Именно так: не прокурора и не адвоката, а свидетеля. Возможно, сви­детель и не всегда ясно понимает, что происходит у него на глазах. Ведь истинные причины и смысл событий могут быть скрыты. Но и просто уви­деть, так сказать, открытыми глазами, что происходит, да еще и описать это как можно точнее — очень и очень немало для того, чтобы потом, отстра­нившись от непосредственного созерцания событий, уяснить их динамику, разглядеть то, что скрыто за внешними эффектами, и, возможно, составить представление о возможных движущих причинах событий.

Ощущая и понимая борьбу мотивов клиентки и в то же время пытаясь по­мочь ей избежать ненужного обострения защитных механизмов сопротив­ления, которые именно на начальных этапах консультативной и психоте­рапевтической работы могут весьма осложнить ее течение, я высказался примерно так:

— Стелла Филипповна, поскольку с первого взгляда почти никогда невоз­можно определить, что в самом деле главное, что менее важно, а что, в сущности, совсем неважно, не имеет никакого значения, с чего именно вы начнете. Это как распутывание клубка. Вначале ведь совершенно неважно, за какую ниточку потянешь. Это потом уже проясняется, что к чему.

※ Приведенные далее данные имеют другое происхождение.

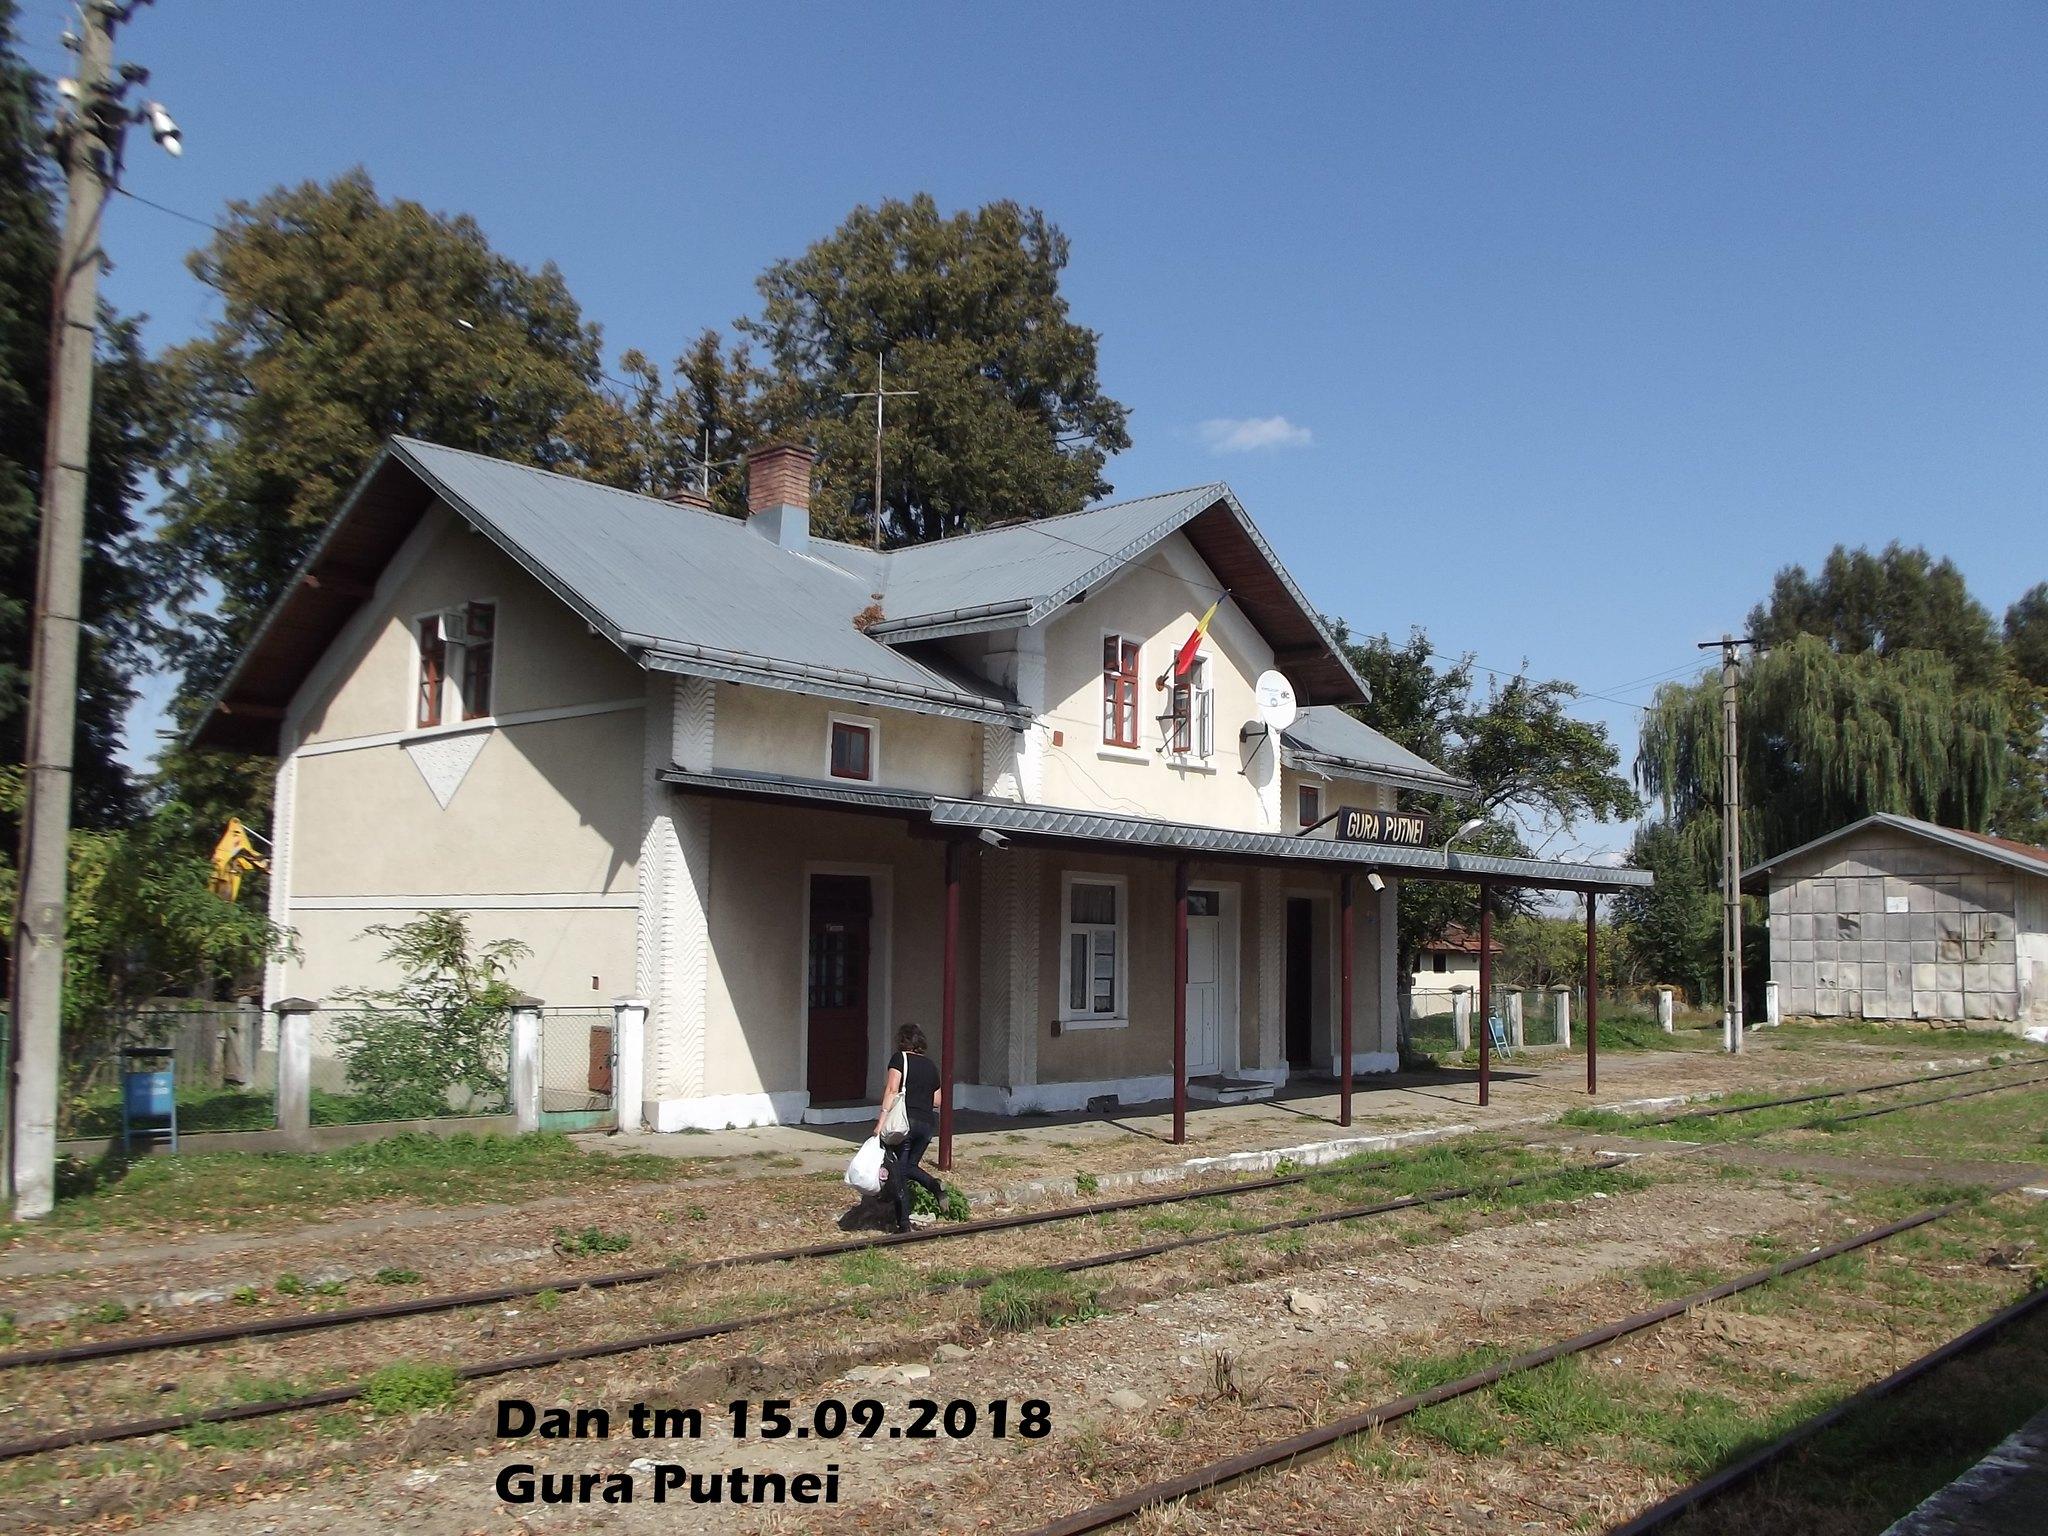 515 : Dorneşti - Gura Putnei - (Putna) - Nisipitu - Seletin UKR - Pagina 47 44016740264_d9f868bdbd_k

Клиентка благодарно улыбнулась.

— Ладно. Тогда я и начну с того, что очень не люблю вязать. Хотя вяжу прекрасно. Это у меня с детства. От мамы. Кстати, мама моя была, все это, конечно, до революции еще происходило, да... Так вот, мама была одной из лучших портних в Киеве. Как тогда говорили, модисток. Своей мастерской у нее не было, но люди знали, какой она была мастерицей и приносили ей заказы на дом. А мама не только на удивление чудесно шила, по самым модным тогда выкройкам, — тогда ведь, кстати, пошить платье было совсем не то, что теперь. Очень сложные модели — выточки разные, всякие там сборки, манжеты... Она также прекрасно вязала. Я помню ее "Зингер", до­революционные журналы мод, тончайшие, просто удивительные кружева, которые она вязала. Потом, после гражданской войны, когда я уже роди­лась, — а я у мамы была четвертой дочерью, — мама, конечно, не могла уже работать, как раньше.

Сами понимаете, советская власть, дом отобрали, оставили комнату и кухню. Один ребенок умер от тифа, другая сестра в го­лод погибла. А там — отца забрали...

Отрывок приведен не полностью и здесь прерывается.